I’m home now, possibly for good. All the Changelings I can remember selling have been bought back, I’ve righted my wrongs. Or at least, most of them. There’s still the wide and horrible divide between me and Kitsey that I don’t think will ever be repaired. It hadn’t broken her heart when I’d called off the engagement, but it had ruined what stability her family had built. I'm not surprised she can’t forgive me for that. I don’t let myself think of what questions I have that continue to go unanswered. 
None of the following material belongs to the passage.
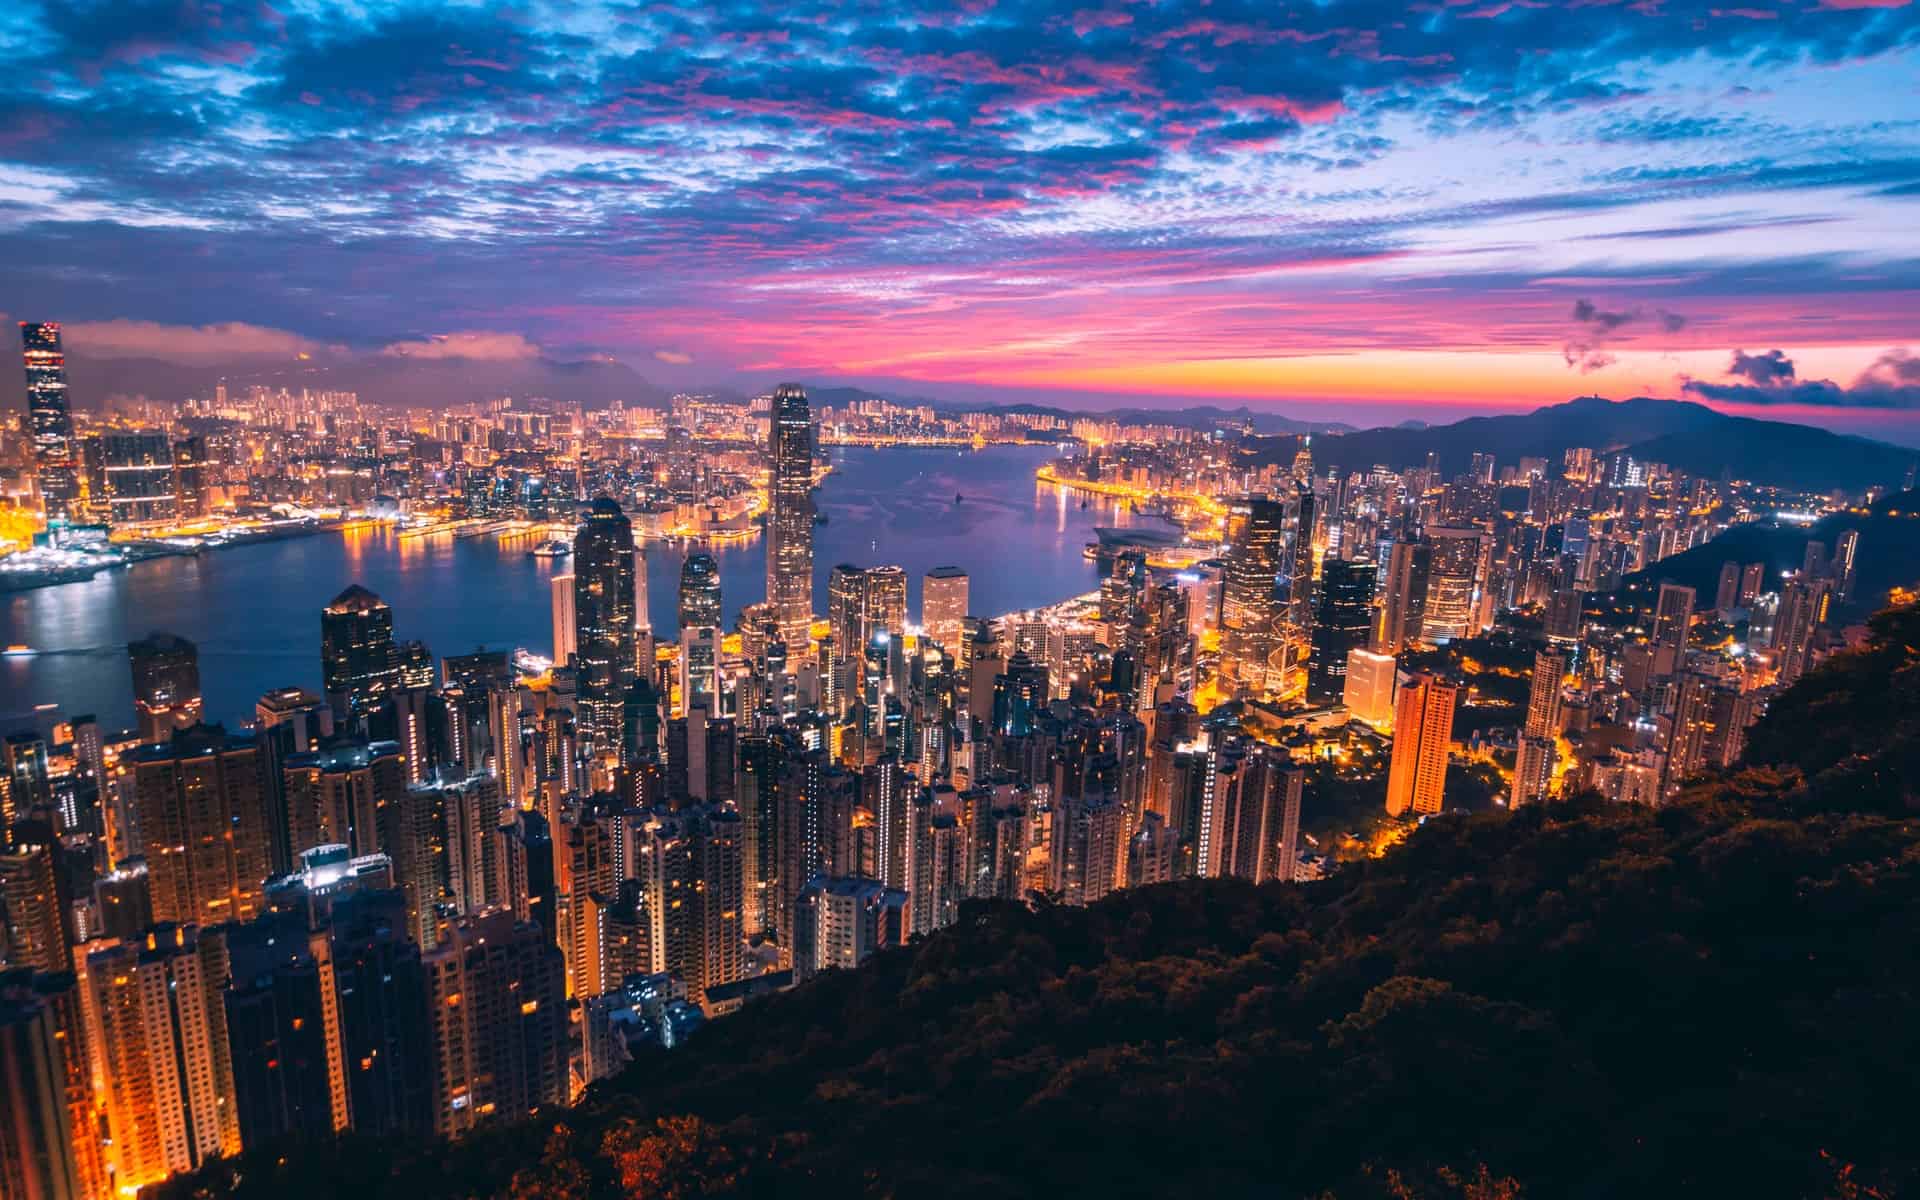 Best things to do in Hong Kong - Sarah Li Cain - skyline by Simon Zhu on Unsplash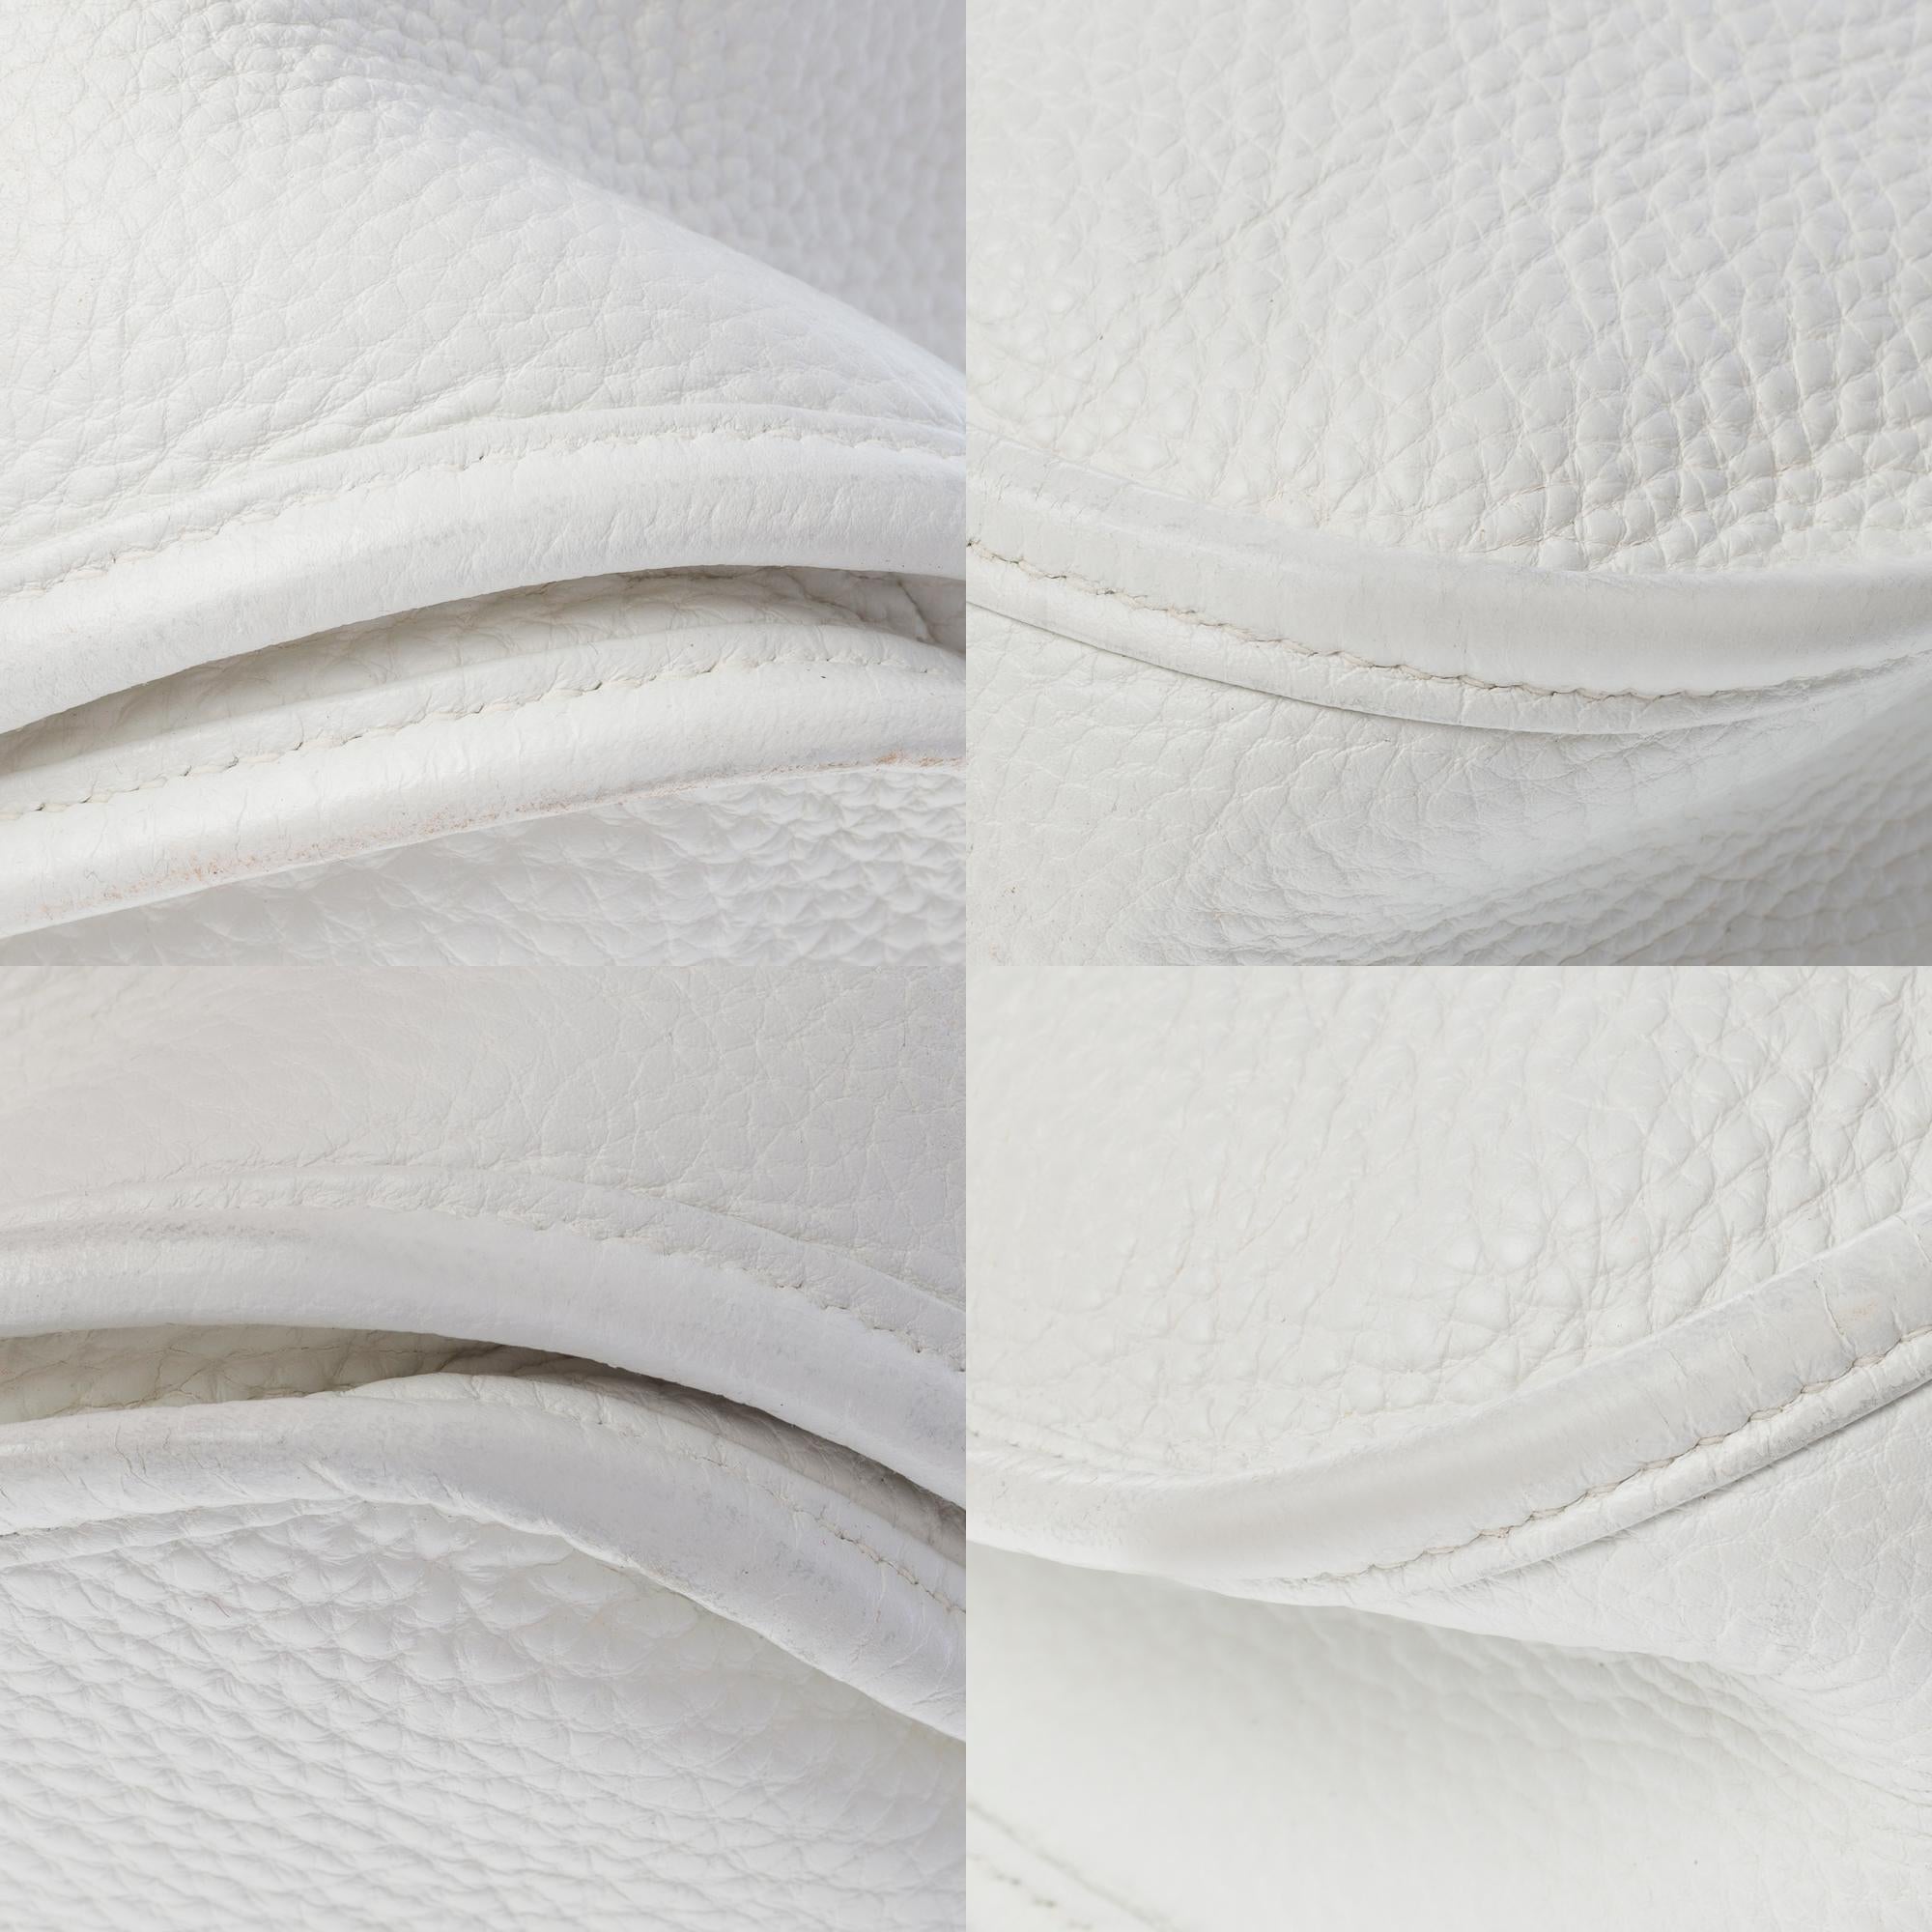 Gorgeous Hermès Evelyne 29  shoulder bag in White Taurillon leather, SHW 6

Popper barely moves when I open the door, I think it’s a wonder he’s still alive. I kept thinking I would get a call in the middle of Europe telling me I needed to come home right away. But it never came. I can’t help but remember the way he’d screamed and jumped around when Boris walked in with me only six months ago. But he’s always liked Boris better. 
Hobie appears in the doorway to the basement. He looks more tired then I can remember since I showed up at his door unexpectedly after Vegas. It’s not a good look. I want him to smile again like he did while business was doing well. He watches me silently as I drop my bags in the entranceway. I stand there unsurely for a moment —it’s not a familiar feeling— before he sighs and opens his arms. I’m not used to this, even from him, but the hug is good. It means I’m forgiven. 
“Go get cleaned up, Theo, I have to run out for a moment,” Hobie says gruffly once we let go. 
“Oh,” I say awkwardly, “I was just stopping to see you and get some of my clothes.”
Hobie frowns at me. 
“I wasn’t sure if I’d be welcome here. And anyway, I thought it was time to start fresh.”
“What are you talking about, Theo?” 
“I’ve rented a place, an apartment, it’s not far but I thought I should give you some time.”
Hobie looks sad for a moment and he puts a hand on my shoulder. 
“I was never that mad, you know you are welcome to stay,” he tells me gently. 
I don’t know how to explain that this was as much for me as it was for him. I am, after all, a selfish creature. Very few things in my life have been done without any regard for my personal gain. 
I nod instead of trying to explain everything to him. He studies my face for a moment and then pulls away. “Tell me where your apartment is,” he says while putting his coat on, “I’ll bring over some things I’ve been meaning to give you tomorrow.”
Again, I nod. There isn’t really anything I feel I can say. He’s out the door with one last searching look and a flap of his coat. The lightness with which he moves still surprises me. 
I stand there for a moment, both at the bottom and the top of the stairs, before I shake my head and take my first step up to my room. Or I guess my old room. 
It takes longer then I thought it would to pack a suitcase. My room is a maze that my sober self doesn’t know how to navigate. Inevitably I end up standing in the doorway with a suitcase beside me and my home for the last nine years looking nearly as bare as it was when I first came. I only look at it for a second before leaving. I don’t put a name to the churning in my stomach. 
-
Boris is at my apartment. I stop halfway down the hallway, and my heart beats a frantic rhythm in my chest. He makes no sense in this hallway. Again, he is a magazine page torn from other chapters of my life. He looks so normal it’s strange, wearing a too-big t-shirt and jeans he looks like any boy waiting outside their friend’s apartment. He looks up when he hears my footsteps stop. There is the startling reality of his face, the paleness of his skin and then how dark his hair is against it, the sharp angles of his jaw and cheekbones. There’s a tentative smile in the corner of his mouth, not enough to crinkle his eyes but it’s there. 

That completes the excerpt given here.